Keyes had an eclectic taste in music. He liked Insane Clown Posse, and these lyrics... if that is indeed what they are... seem to be an attempt at horrorcore. Start out with hip hop, throw in some anti-consumerism and death metal imagery, and this is pretty much what you would get. The unusual change in the rhyming pattern between stanzas 1 and 3 (death/best, screen/preen, fast/ass, smarts/are) and stanzas 5 and 7 (appears, beat, roll / tears, meat, Soul) gives the impression that there could be two different “speakers,” one for the first half and one for the second, engaging in a sort of call and response dialogue. 

Our researchers were discussing this theory with the team from Somewhere In The Pines, and Joshua brought up a compelling point: the words on the first sheet sound so incredibly similar to Rage Against The Machine's song "No Shelter" that once you hear it, it is impossible to ignore. "No Shelter" includes the lyrics "American eyes, American eyes, view the world through American eyes." Could Keyes have misheard the lyrics and thought they were singing "Americanize?" He was a fan of the Red Hot Chili Peppers, who were highly influential in the music of Rage Against the Machine.
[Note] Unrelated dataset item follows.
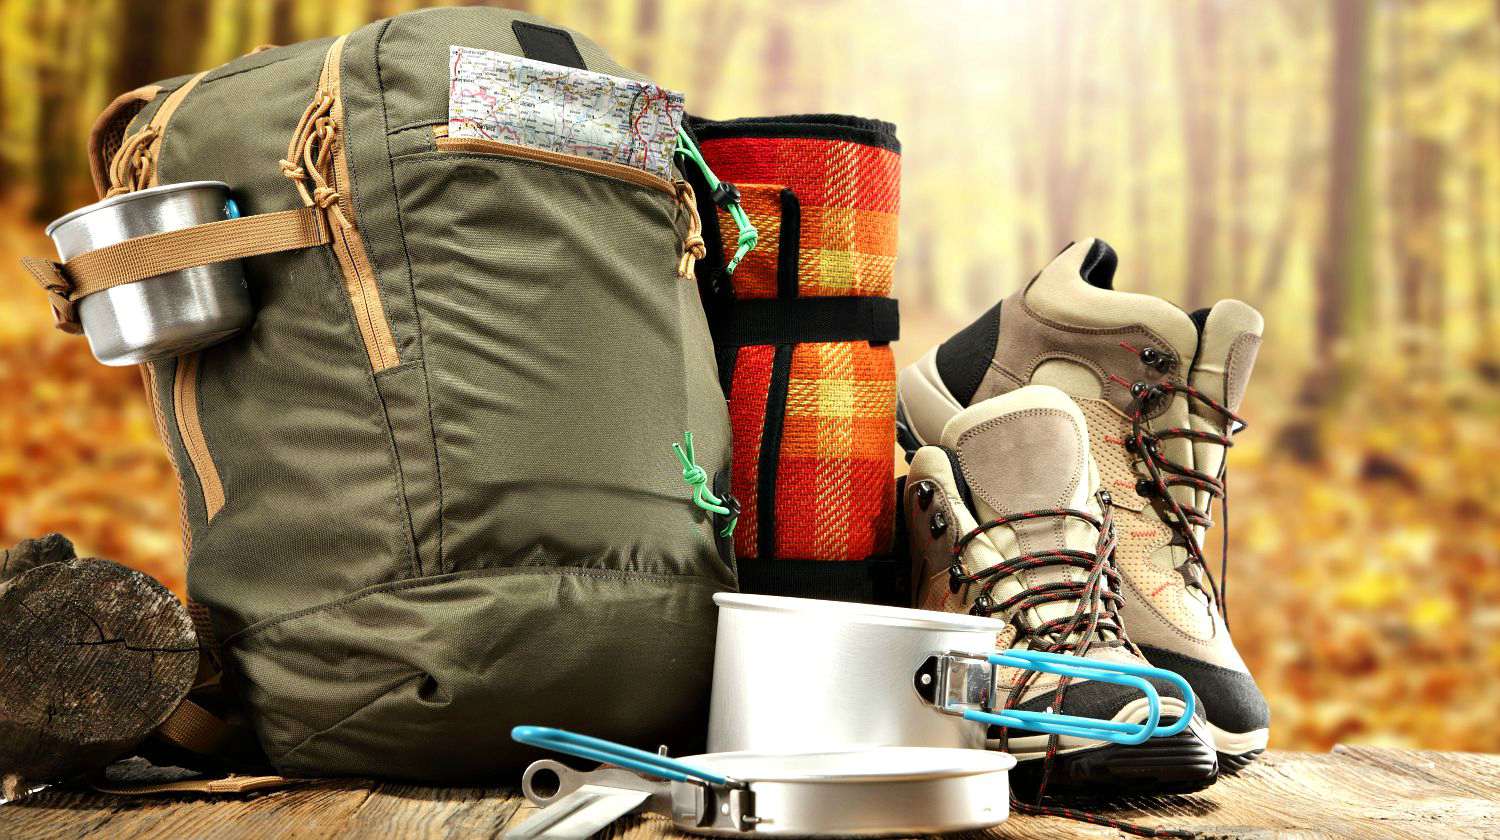 Sunny day in forest and shoes, backpack and plate | Camping Gears | Camp Like A Genius With These Additions | Featured

It requires no stretch of the imagination to believe that he (mis)heard this song and was paying homage to it in his writing.  

 

Keyes's suicide note is also highly reminiscent of a book he described as his first experience reading from the killer's point of view: Intensity by Dean Koontz. This book includes several intentional car crashes, a character who believes "there's a worm in every butterfly," and countless references to insects and spiders meeting untimely ends through crushing or other means. Keyes calls his muse "vermin" and "you clever little worm," and tells them "crushed like a bug you still die." On the second sheet, he refers to them as "my pretty captive butterfly" and "my dark moth princess." This sheet is written in a decidedly different style. The rhyming scheme is simpler, there is no refrain, and the parallels between Keyes's writing and Intensity are even more pronounced than they were on the first sheet. 
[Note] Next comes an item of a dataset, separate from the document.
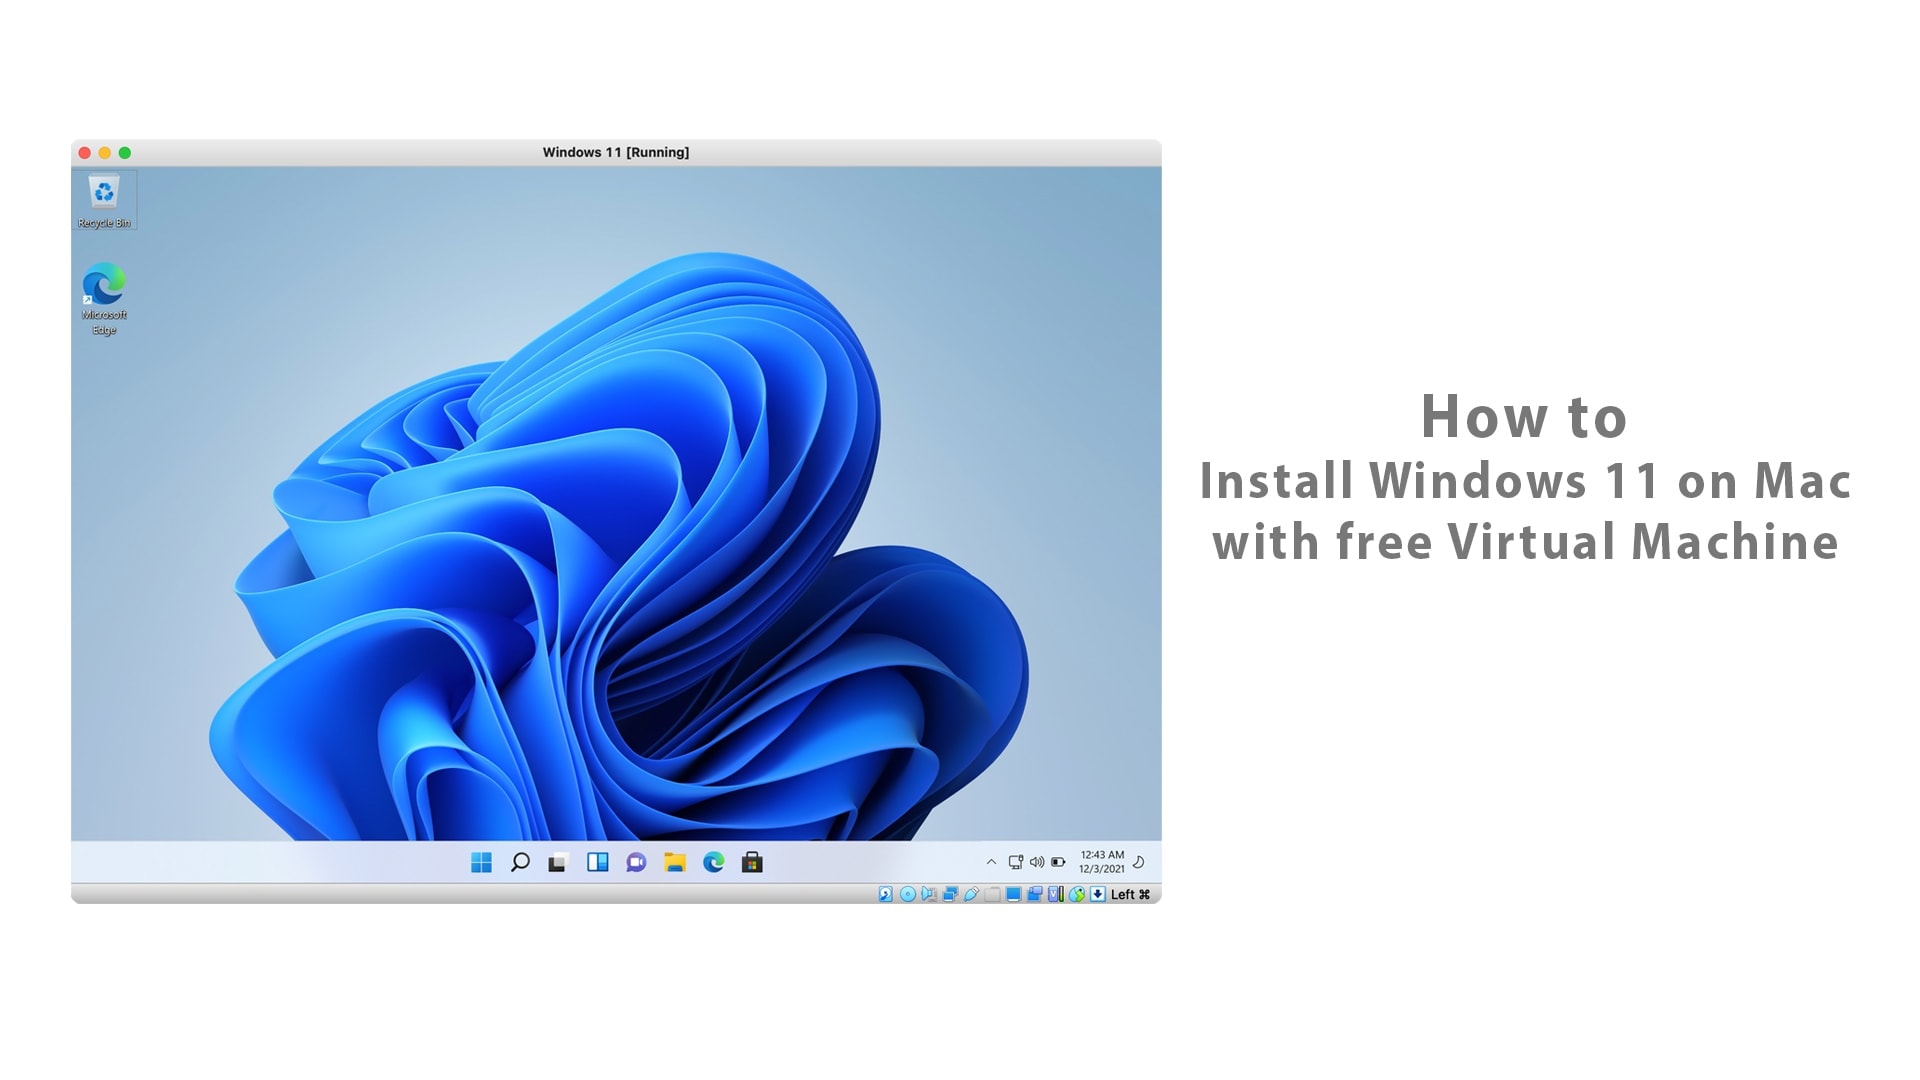 How to Install Windows 11 on Mac with Free Virtual Machine

One of Koontz's victims has "eyes as liquid as oil and deep as wells," and "they don't suspect for a second that they're both going to be dead in a minute... how dramatically their eyes will widen in the instant when the shotgun roars." Keyes calls his subject's eyes "dark warm and trusting as though you had not a worry or care. The more guiless [sic] the gaze the better potential to fill up those pools with your fear." Koontz: "anyone can smell a rose and enjoy the scent. But he has long been training himself to feel the destruction of its beauty when he crushes the flower in his fist." Keyes: "open my trembling flower, or your petals I'll crush."

 

It is impossible to state with certainty what Keyes's true intention was in writing these pages. Were they meant to be his suicide note? Or was it just the last thing he happened to write... on paper, at least... before he died? The only man who could have answered this question is dead. The best we can hope for at this point is speculation by psychologists, criminologists, and research hobbyists like ourselves who are fascinated by the question of what it means to be human.